COLLECTED DATA ::
..........

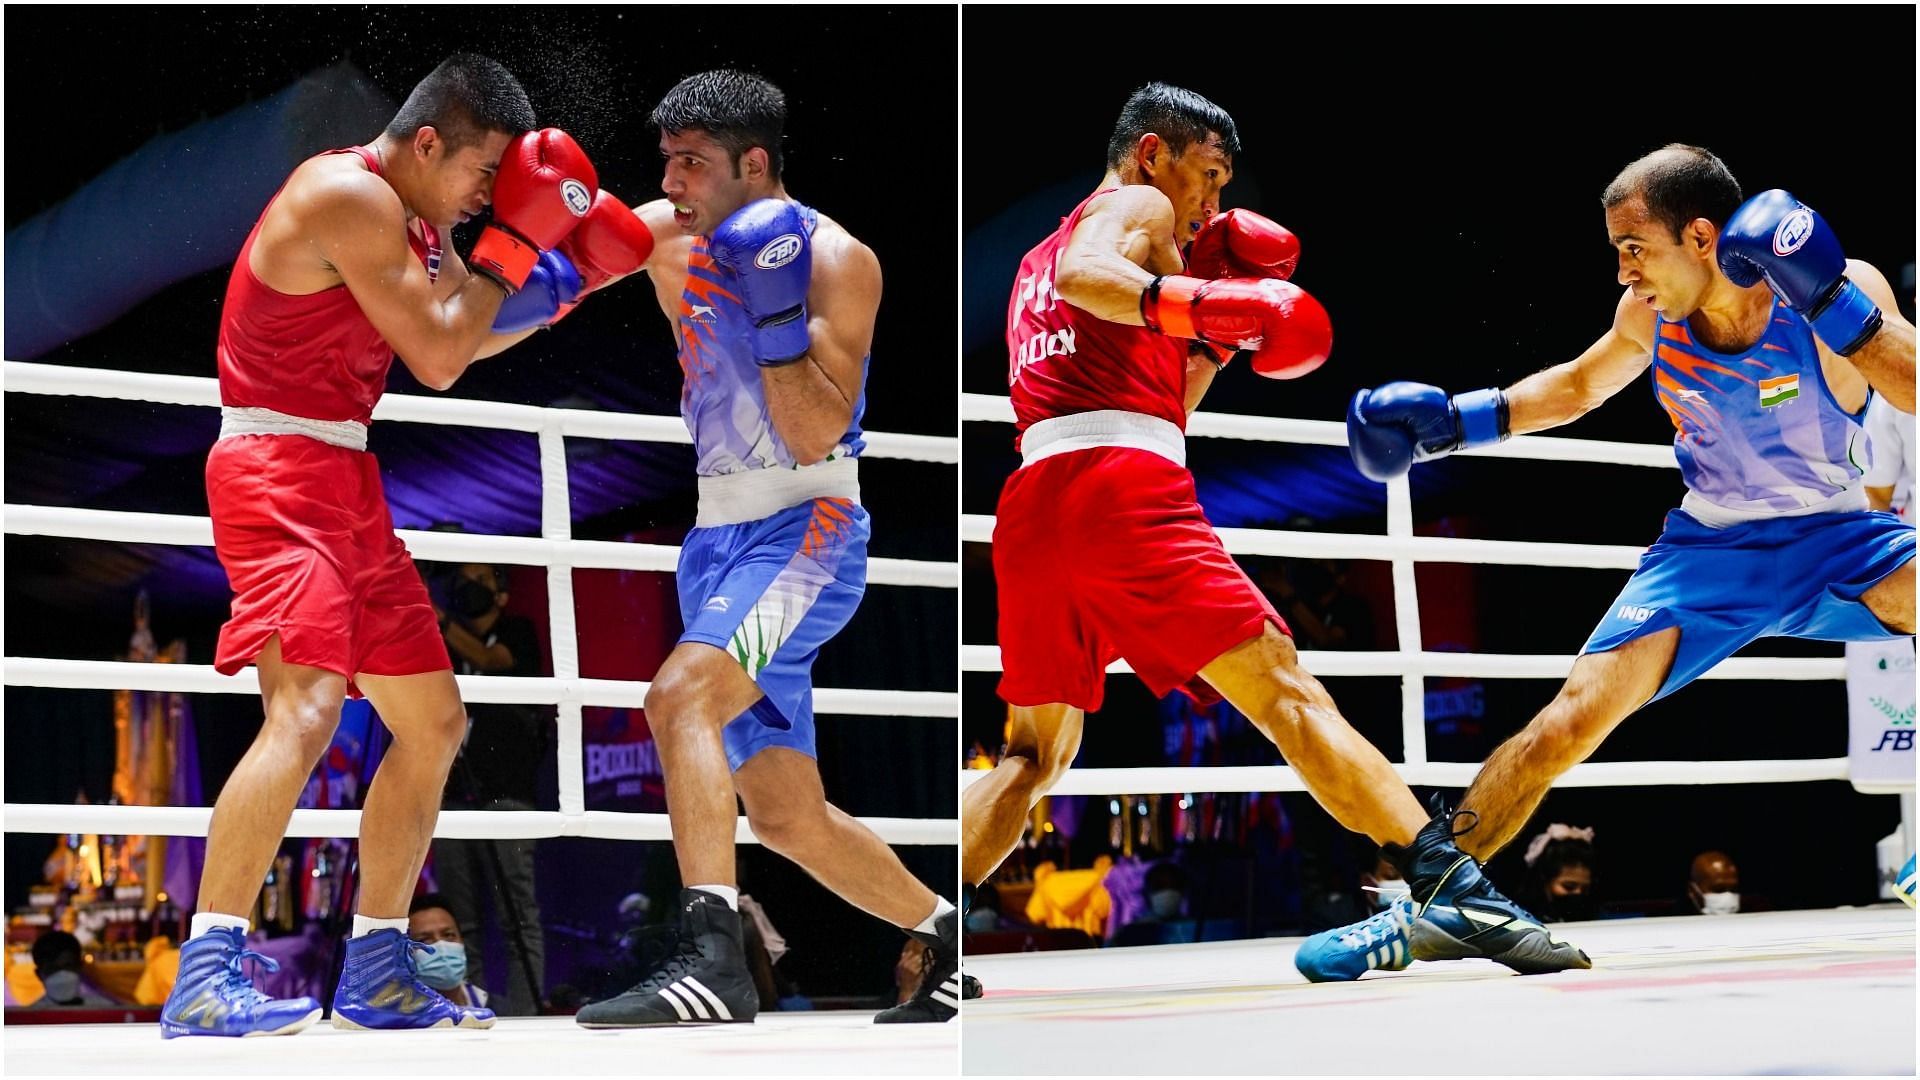 Indian pugilists Sumit Kundu (L) and Amit Panghal (R) in action (Pic Credits: BFI)
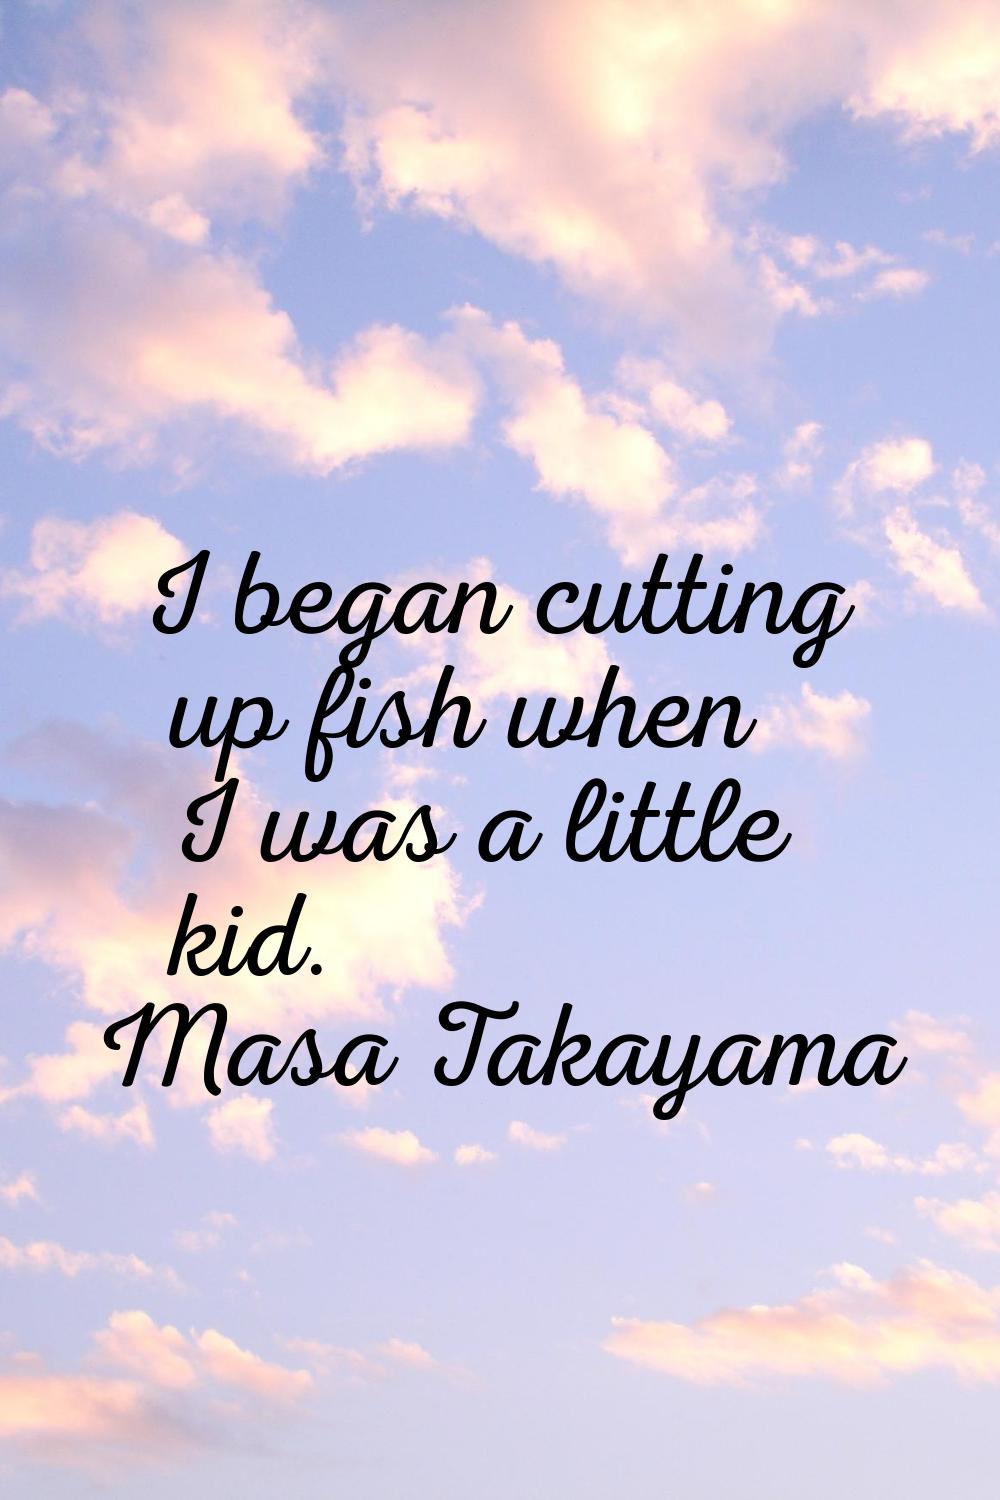 I began cutting up fish when I was a little kid.
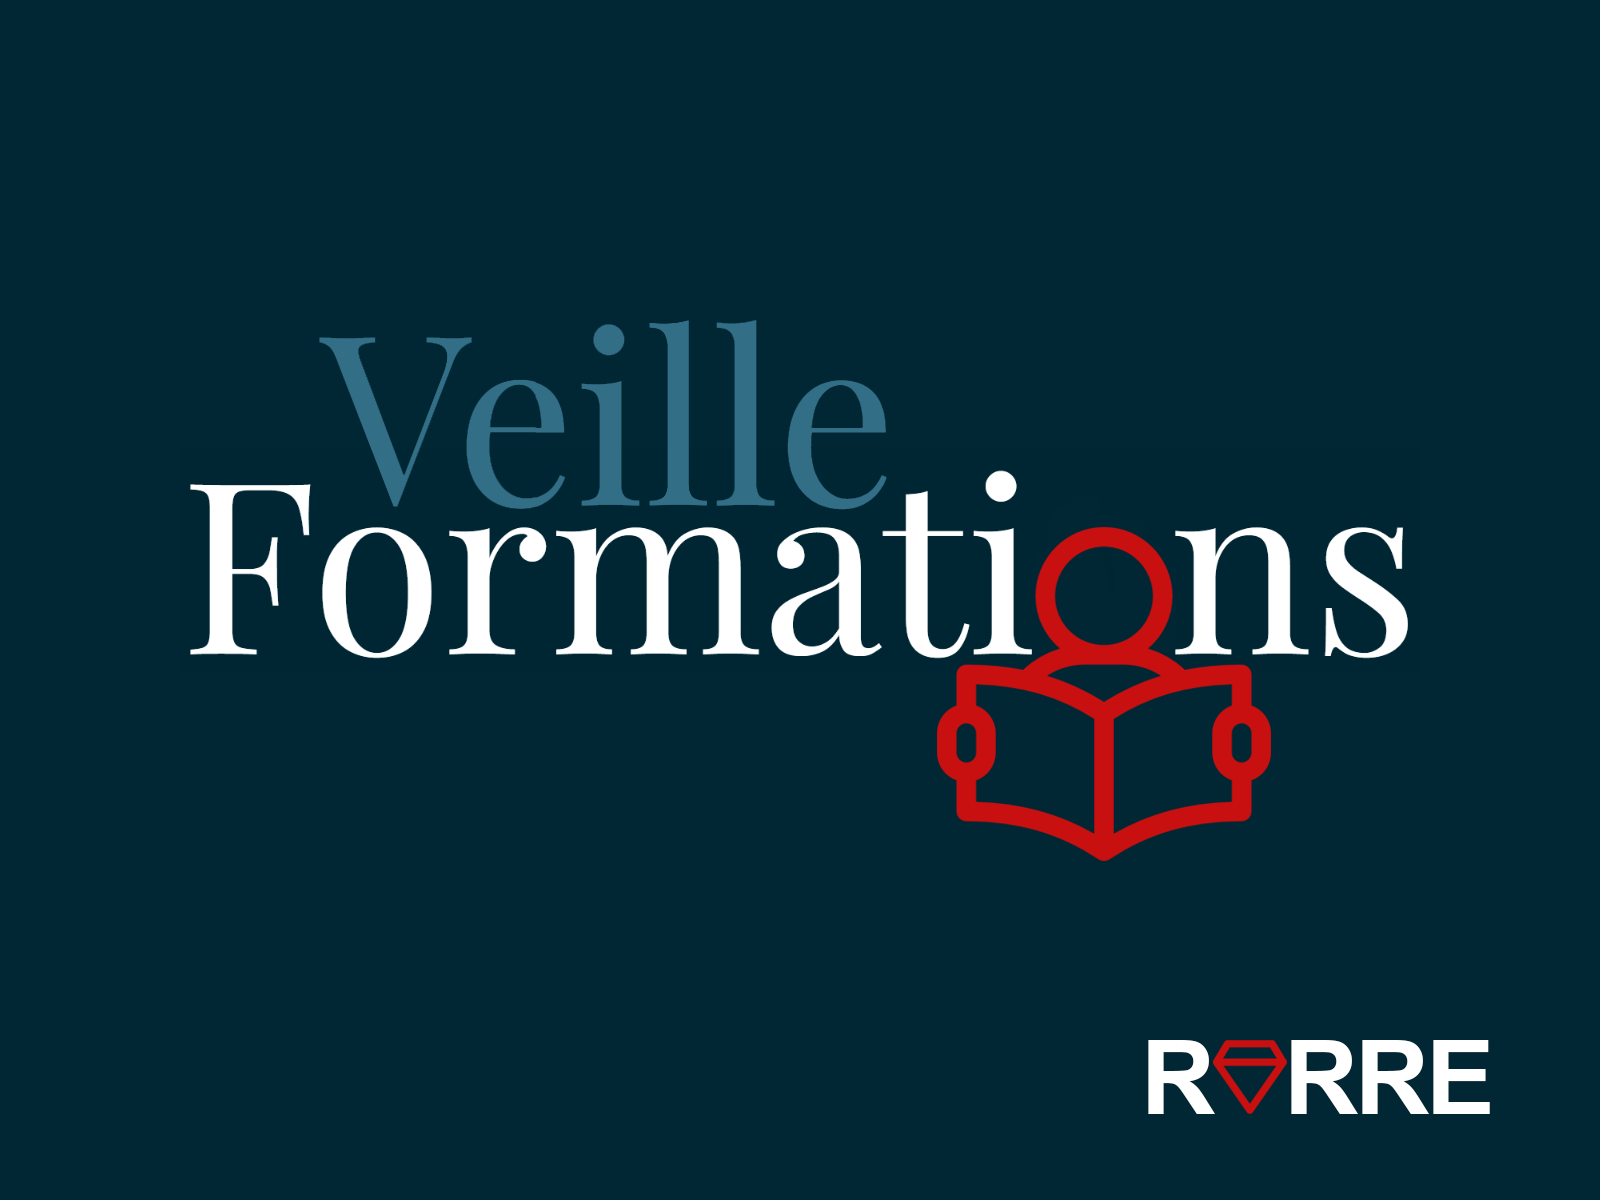 RARRE Veille Formations
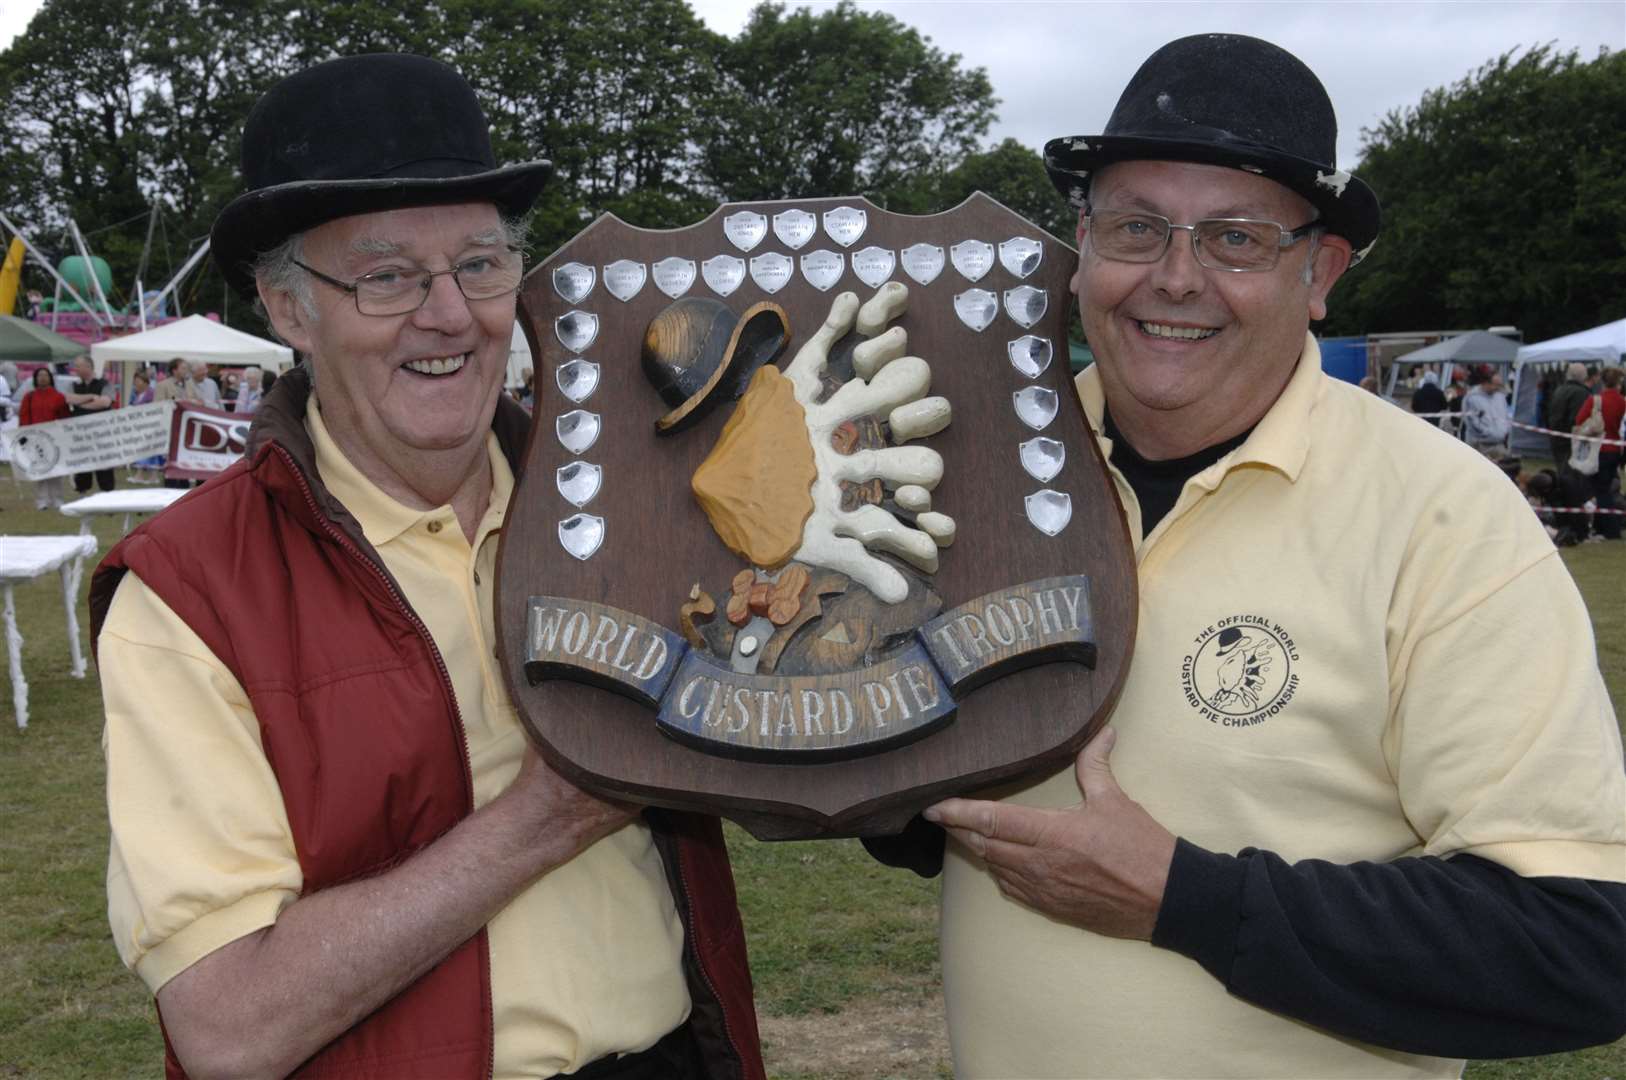 Brian Mortimer with fellow organiser Mike Fitzgerald at the World Custard Pie Championships

..........

PROBLEM :: When you copy the listing, keep every line exactly as it is but leave out all images.

SOLUTION TO THE PROBLEM ::
 Indian pugilists Sumit Kundu (L) and Amit Panghal (R) in action (Pic Credits: BFI)
 I began cutting up fish when I was a little kid.
 RARRE Veille Formations
 Brian Mortimer with fellow organiser Mike Fitzgerald at the World Custard Pie Championships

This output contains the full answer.